#### Aim of the task
Copy the listing exactly, leaving out every picture.
··· Material provided
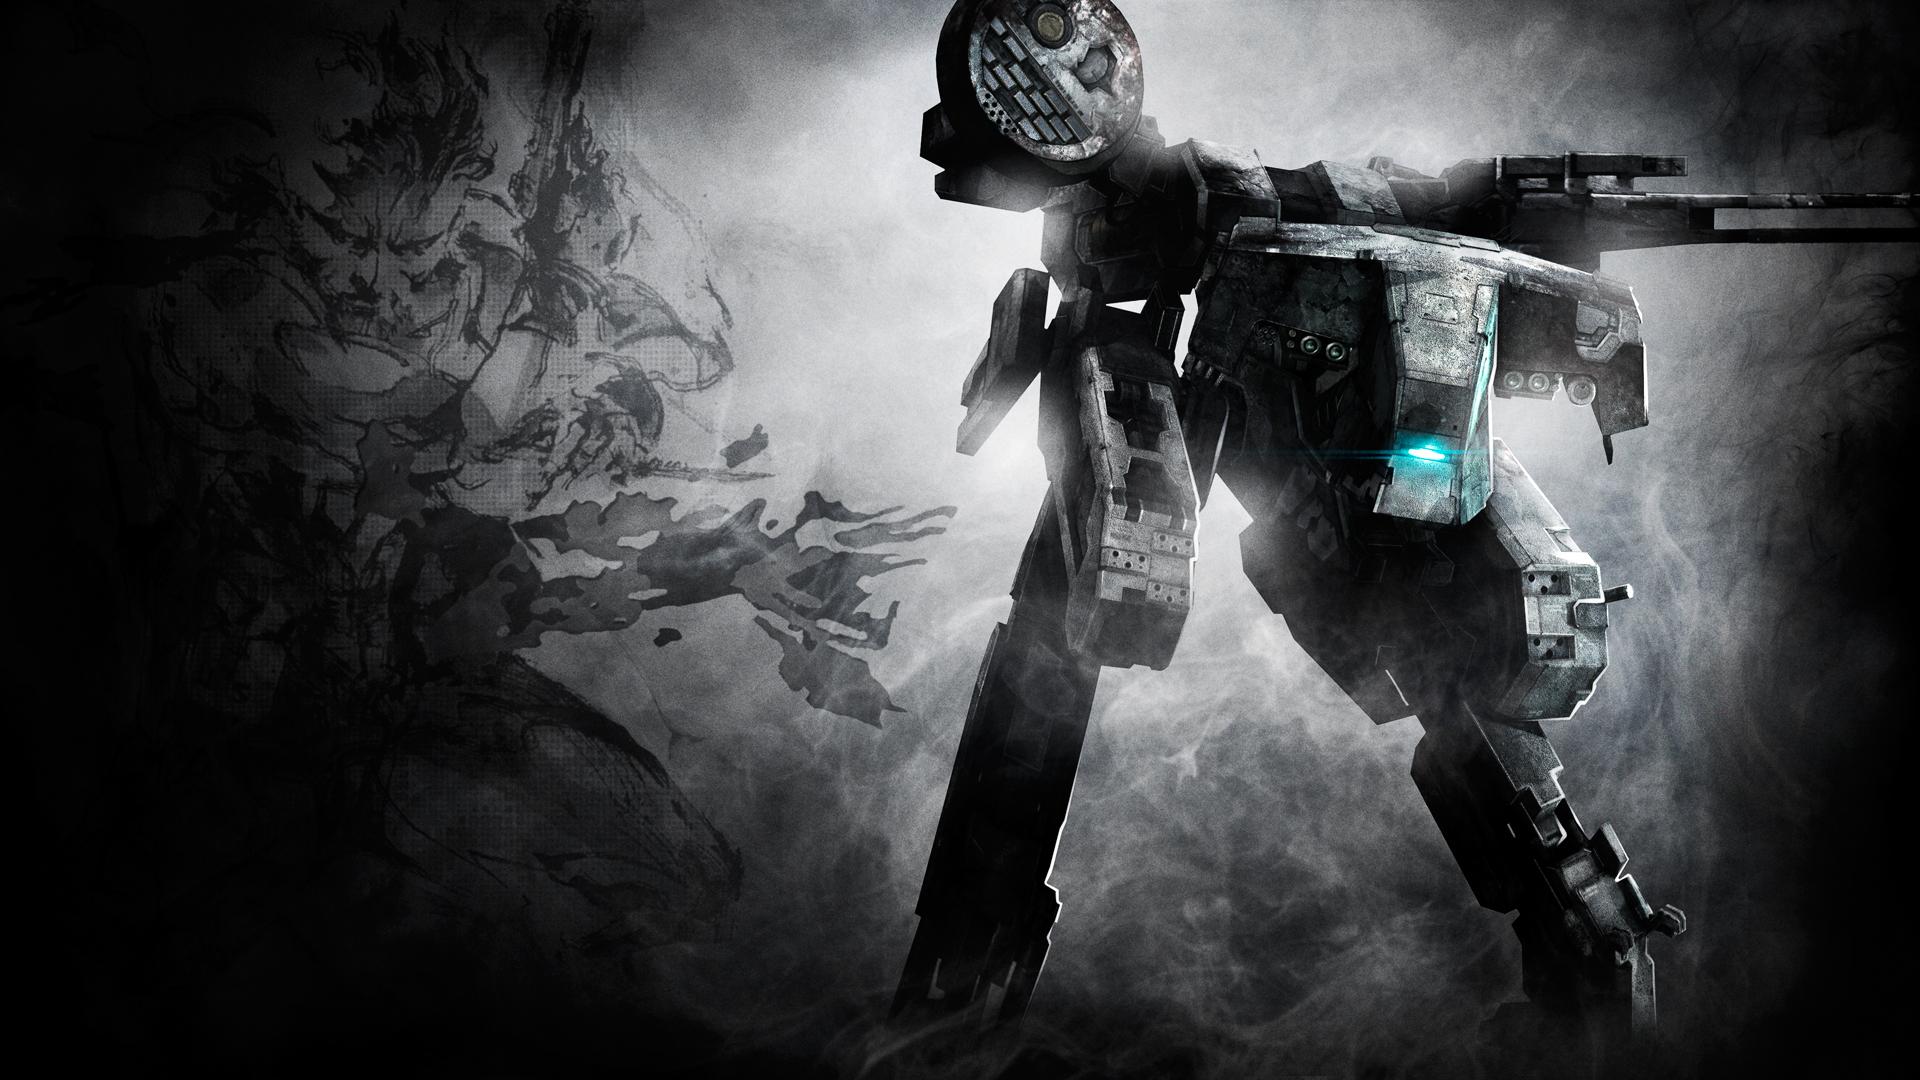 Metal Gear Solid 2 Wallpaper: Metal Gear Solid Mech Mecha Wallpaper
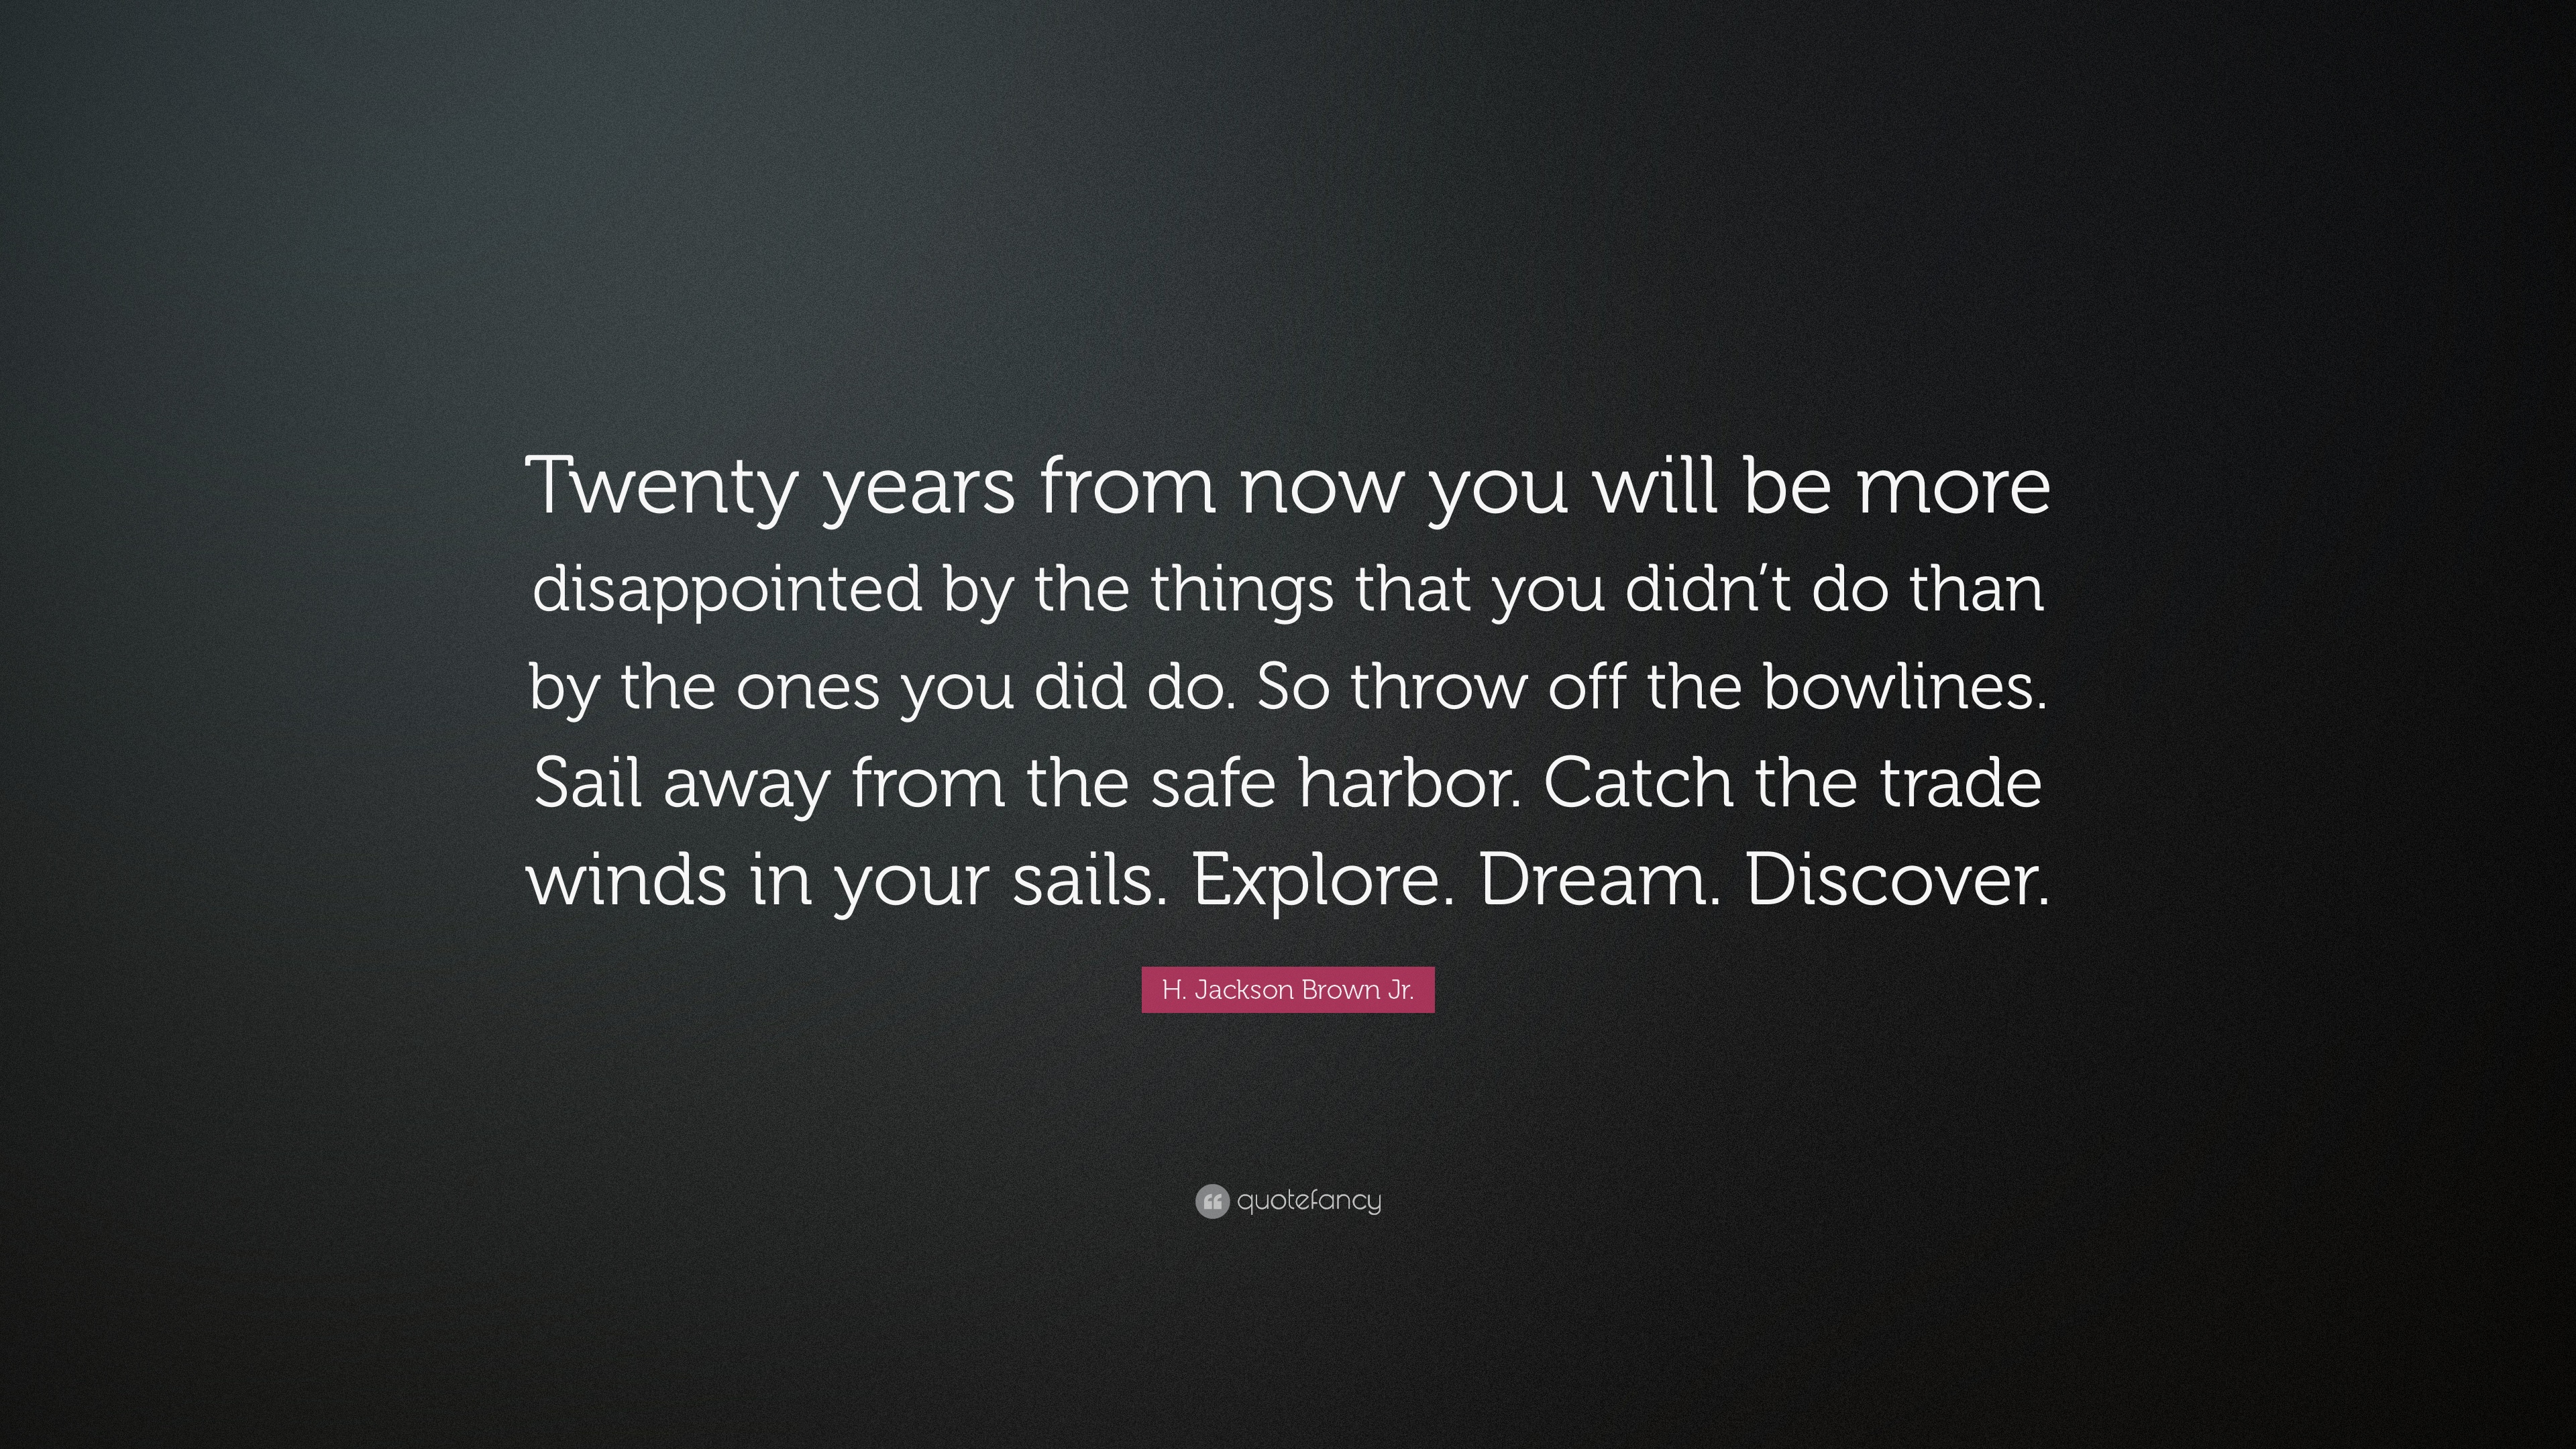 essay twenty years from now
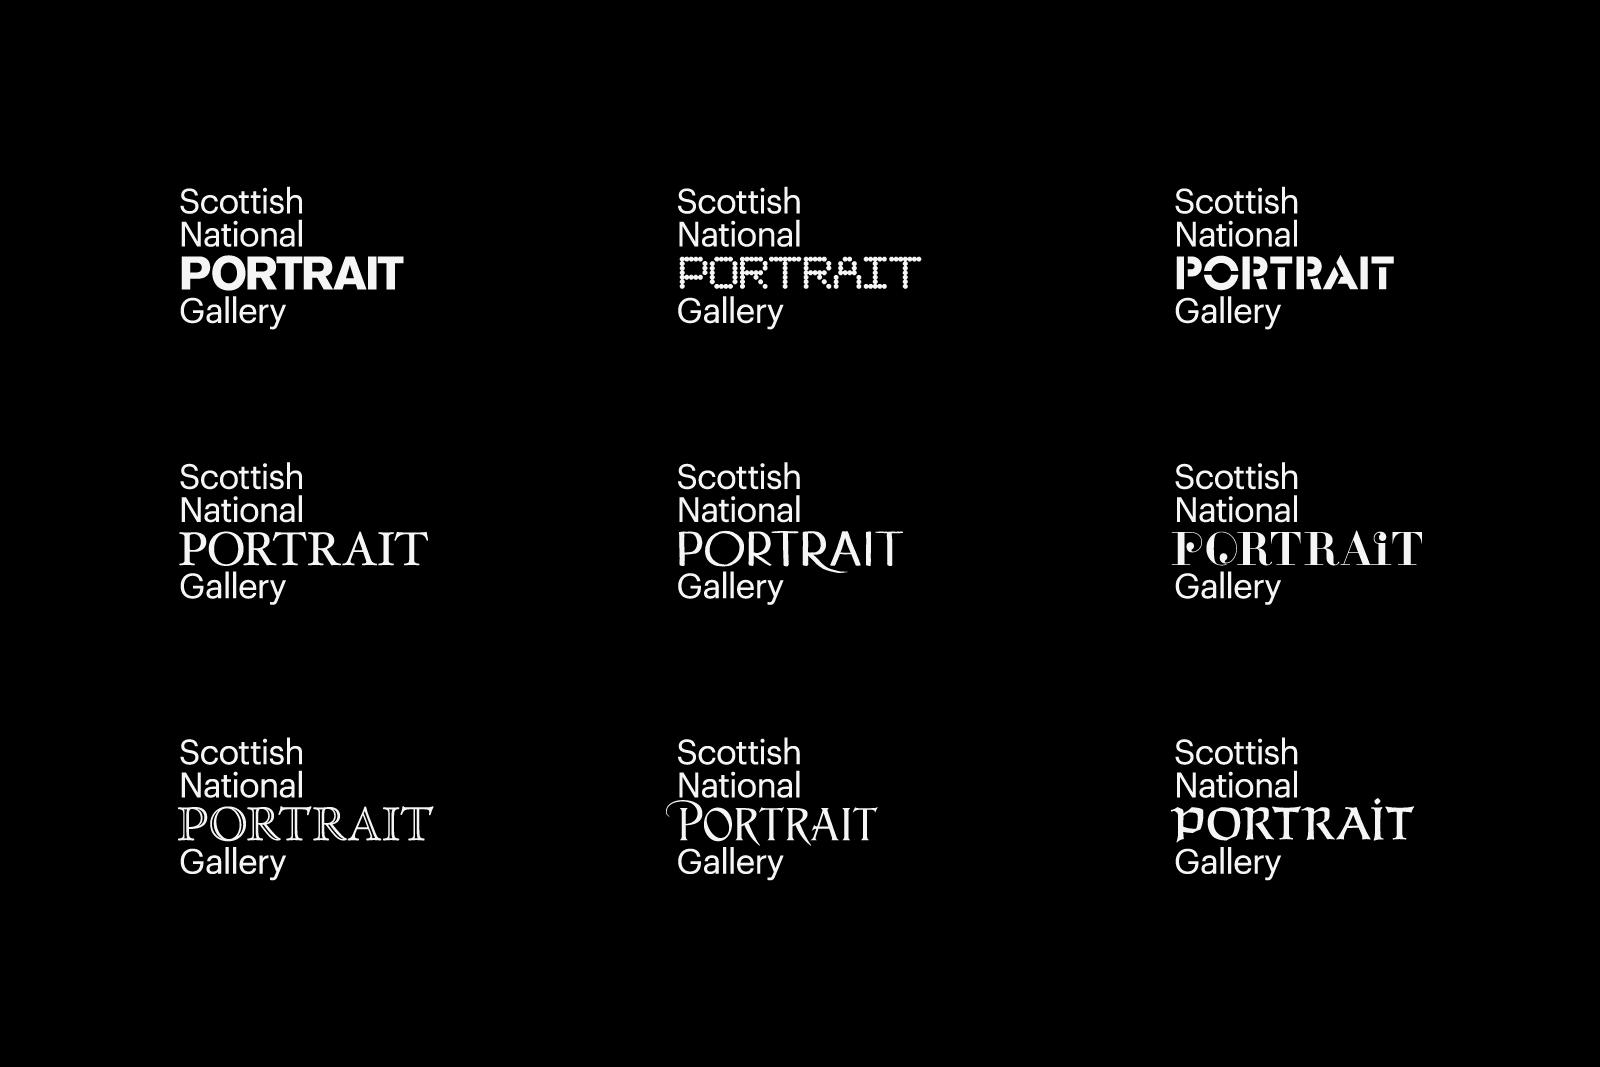 ostreet-portrait-gallery-23
······
#### Exercise answer
 Metal Gear Solid 2 Wallpaper: Metal Gear Solid Mech Mecha Wallpaper
 essay twenty years from now
 ostreet-portrait-gallery-23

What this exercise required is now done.